WriteConcernMajorityJournalDefault

Part4: log crawling

2018-08-21T01:00:50.096+0800 I COMMAND [conn4072412] command kgcxxxt.$cmd command: update {update: "col", ordered: true, writeConcern: {w: "majority"}, $db: "kgcxxxt"} numYields:0 reslen:295 locks: {Global: {acquireCount: {r: 2, w: 2}}, Database: {acquireCount: {w: 2}}, Collection: {acquireCount: {w: 1}} Oplog: {acquireCount: {w: 1} protocol:op_query 137ms

....

2018-08-21T01:00:50.096+0800 I COMMAND [conn4072176] command kgcxxxt.$cmd command: update {update: "col", ordered: true, writeConcern: {w: "majority"}, $db: "kgcxxxt"} numYields:0 reslen:295 locks: {Global: {acquireCount: {r: 2, w: 2}}, Database: {acquireCount: {w: 2}}, Collection: {acquireCount: {w: 1}} Oplog: {acquireCount: {w: 1} protocol:op_query 137ms

Part5: monitorin

After being replaced by write concern 1, qps is increased to 15k

Part6: adjust the relevant parameters

Try enlarging cache_size and evictiondb.adminCommand ({setParameter: 1, wiredTigerEngineRuntimeConfig: "cache_size=90G"}) db.adminCommand ({setParameter: 1, wiredTigerEngineRuntimeConfig: "eviction= (threads_min=1,threads_max=8)"})
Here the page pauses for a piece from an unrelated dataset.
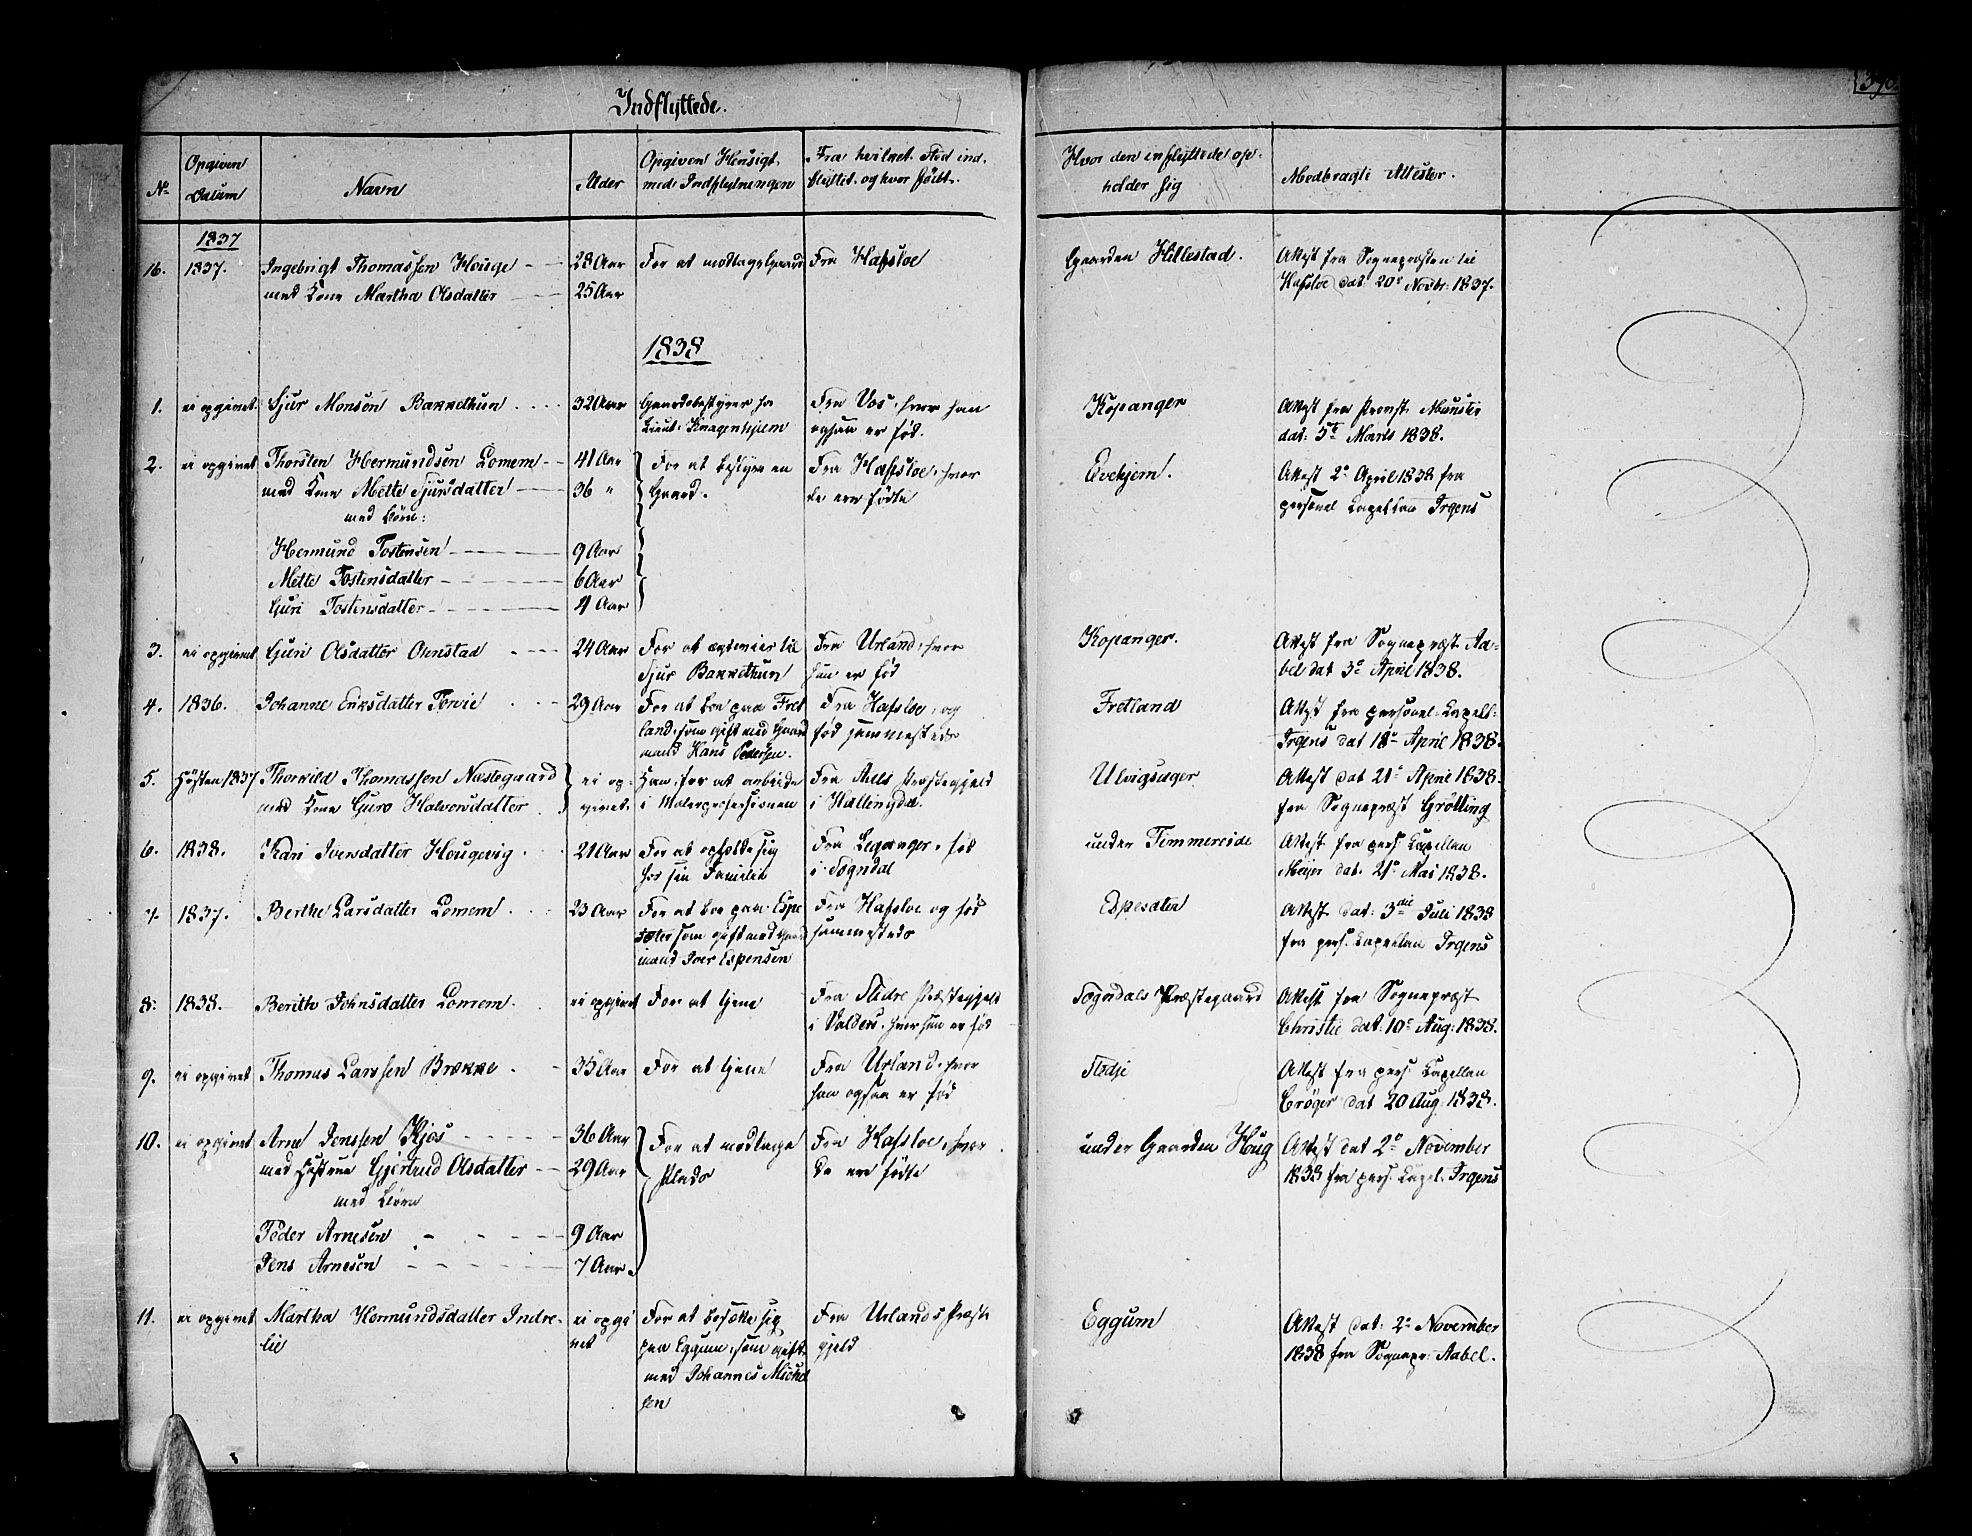 SAB, Sogndal Sokneprestembete, H/Haa/Haaa/L0010: Ministerialbok nr. A 10, 1821-1838, s. 398

It can be seen that the queuing situation has come down after adjusting the parameters.

But it didn't last long, and it didn't take long for us to see what we didn't want to see, so we decided to use the rocksDB engine later.

Actual combat

Part1: overall Architectur

The original cluster is a 3-node replica set architecture, all of which use WT storage engine. We changed one of them from the library to the rocksDB storage engine to observe the disk lantancy situation.

As shown in the figure above, you can see the QPS of the primary node.

Part2:rocksDB engine slave library

We configure one of the slave libraries as a rocksDB engine, and a big improvement over WT in RocksDB is the use of LSM tree storage engine. Wiredtiger organizes data based on btree structure. In some extreme scenarios, problems with Cache eviction and write magnification may lead to Write hang. Details can be found on MongoDB jira to learn about the relevant issue. In view of these problems, the official MongoDB team has been optimizing, and we can also see that the stability of Wiredtiger continues to improve. On the other hand, RocksDB organizes data based on LSM tree structure, which optimizes writing and converts random writes into sequential writes, which can ensure continuous and efficient data writing. After replacing one of the slave libraries with the rocksDB engine, we compare it with the slave library of the other WT engine for disk lantency.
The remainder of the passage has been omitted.